Selain itu, Wahyudi juga menyoal substansi UU PDP tentang rumusan sanksi yang tidak setara antara sektor publik dan privat ketika melakukan pelanggaran. Dia mengatakan, untuk sektor publik yang melakukan pelanggaran hanya mungkin dikenakan sanksi administrasi seperti tertuang pada pasal 57 ayat dua yang berbunyi, sanksi administratif sebagaimana dimaksud pada ayat (1) berupa: a. peringatan tertulis; b. penghentian sementara kegiatan pemrosesan Data Pribadi; c. penghapusan atau pemusnahan Data Pribadi; dan/atau d. denda administratif
Sedangkan untuk sektor privat selain dapat dikenakan sanksi administrasi, juga dapat diancam denda administrasi sampai dengan 2 persen dari total pendapatan tahunan yang diatur dalam pasal 57 ayat 3. Bahkan, mengacu pasal 67-70, bisa dikenakan hukuman pidana denda.
"Meski disebutkan undang-undang ini berlaku mengikat bagi sektor publik dan privat, dalam kapasitas yang sama sebagai pengendali/pemroses data, namun dalam penerapannya, akan lebih bertaji pada korporasi, tumpul terhadap badan publik," katanya.
Wahyudi menambahkan, UU PDP juga berpotensi menimbulkan kriminalisasi berlebih dengan adanya kelenturan rumusan pasal ancaman pidana bagi seseorang yang mengungkapkan data pribadi bukan miliknya secara melawan hukum.
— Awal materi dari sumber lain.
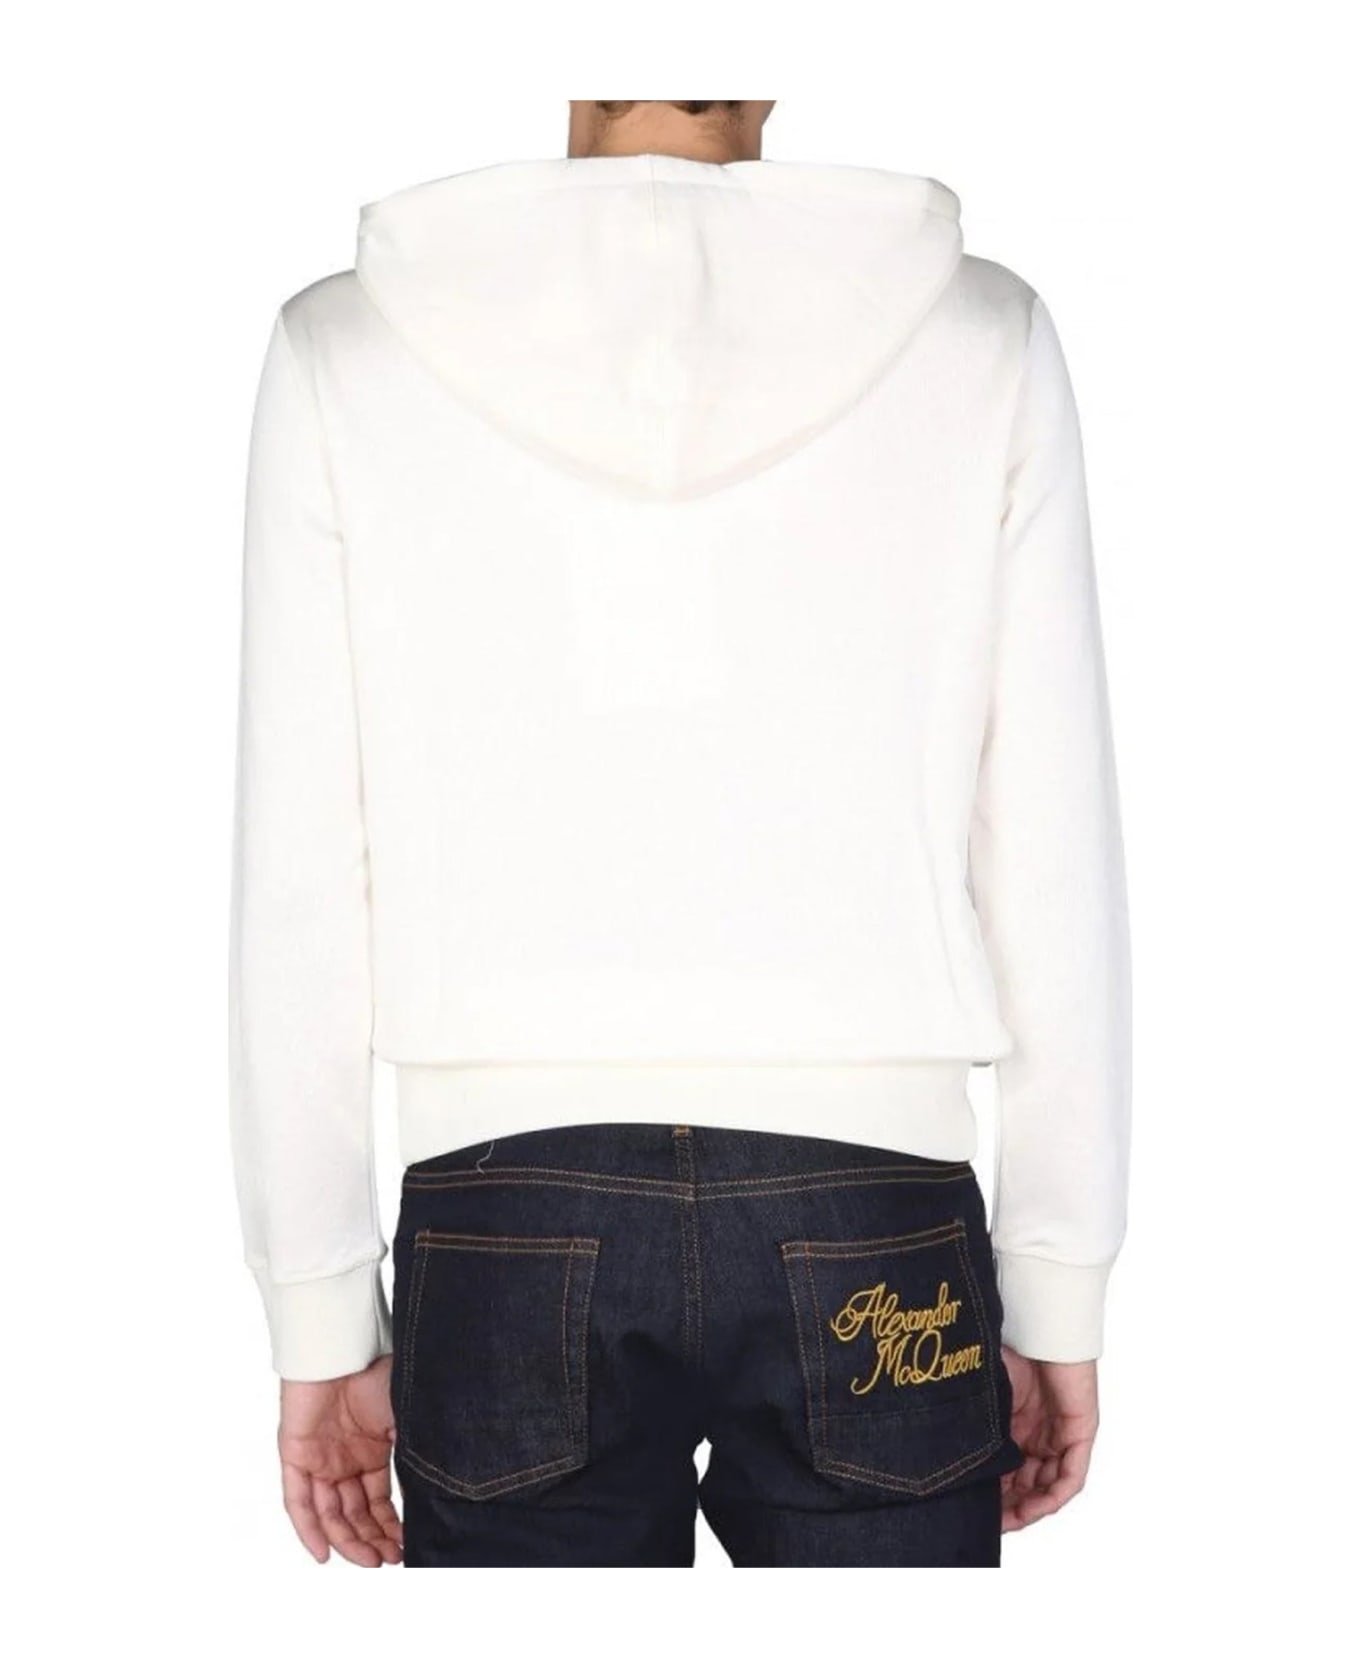 Alexander McQueen Printed Hooded Sweatshirt - White

Dalam aturan di UU PDP, pemrosesan data pribadi, termasuk pengungkapan, sepanjang tidak memenuhi dasar hukum pemrosesan (persetujuan/konsen, kewajiban hukum, kewajiban kontrak, kepentingan publik, kepentingan vital, dan kepentingan yang sah), maka dapat dikatakan telah melawan hukum.
"Ketidakjelasan batasan frasa ‘melawan hukum’ dalam pasal tersebut akan berdampak karet dan multi-tafsir dalam penerapannya, yang berisiko disalahgunakan, untuk tujuan mengkriminalkan orang lain," kata dia.
Karena itu, dia menilai pengesahan UU PDP ini bukan solusi akhir mengatasi persoalan perlindungan data pribadi termasuk rentetan insiden kebocoran data pribadi. Dia pun mendorong penyiapan dan pembentukan berbagai regulasi pelaksana mulai dari Peraturan pemerintah, pengaturan presiden, lembaga lebih detil.
"Termasuk penyiapan berbagai regulasi pelaksana dan pembentukan kelembagaan otoritas perlindungan data pribadi, selain juga pengendali/pemroses data, baik sektor publik maupun privat harus segera pula melakukan pembenahan internal untuk memastikan kepatuhannya pada UU PDP," kata dia,
"Dengan besarnya tantangan yang demikian, selain diperlukan kepemimpinan politik dari Presiden, yang diberikan mandat untuk mengimplementasikan undang-undang ini, juga dibutuhkan peran serta dan itikad baik dari seluruh pemangku kepentingan, untuk dapat memperbaiki tata kelola ekosistem perlindungan data pribadi di Indonesia," tambahnya.
Pascapengesahan UU PDP, penting pula ada lembaga otoritas pelindungan data pribadi yang independen dan powerfull. Pakar keamanan siber Pratama Persadha mengatakan, lembaga otoritas PDP independen ini penting untuk mengatasi permasalahan data di Indonesia.
"Pasca ini, segera bentuk Lembaga Otoritas Pelindungan Data Pribadi yang kuat, independen dan powerful. Jangan sampai Komisi PDP nanti tidak sekuat yang kita cita-citakan," kata Pratama.
Chairman lembaga riset keamanan siber CISSReC (Communication & Information System Security Research Center) ini menilai lembaga otoritas PDP menjadi hal krusial yang perlu diperhatikan pembentukannya. Karena itu, wajib nantinya baik pemerintah dan DPR menempatkan orang yang tepat serta memiliki kompetensi untuk memimpin Lembaga Otoritas PDP atau Komisi PDP ini.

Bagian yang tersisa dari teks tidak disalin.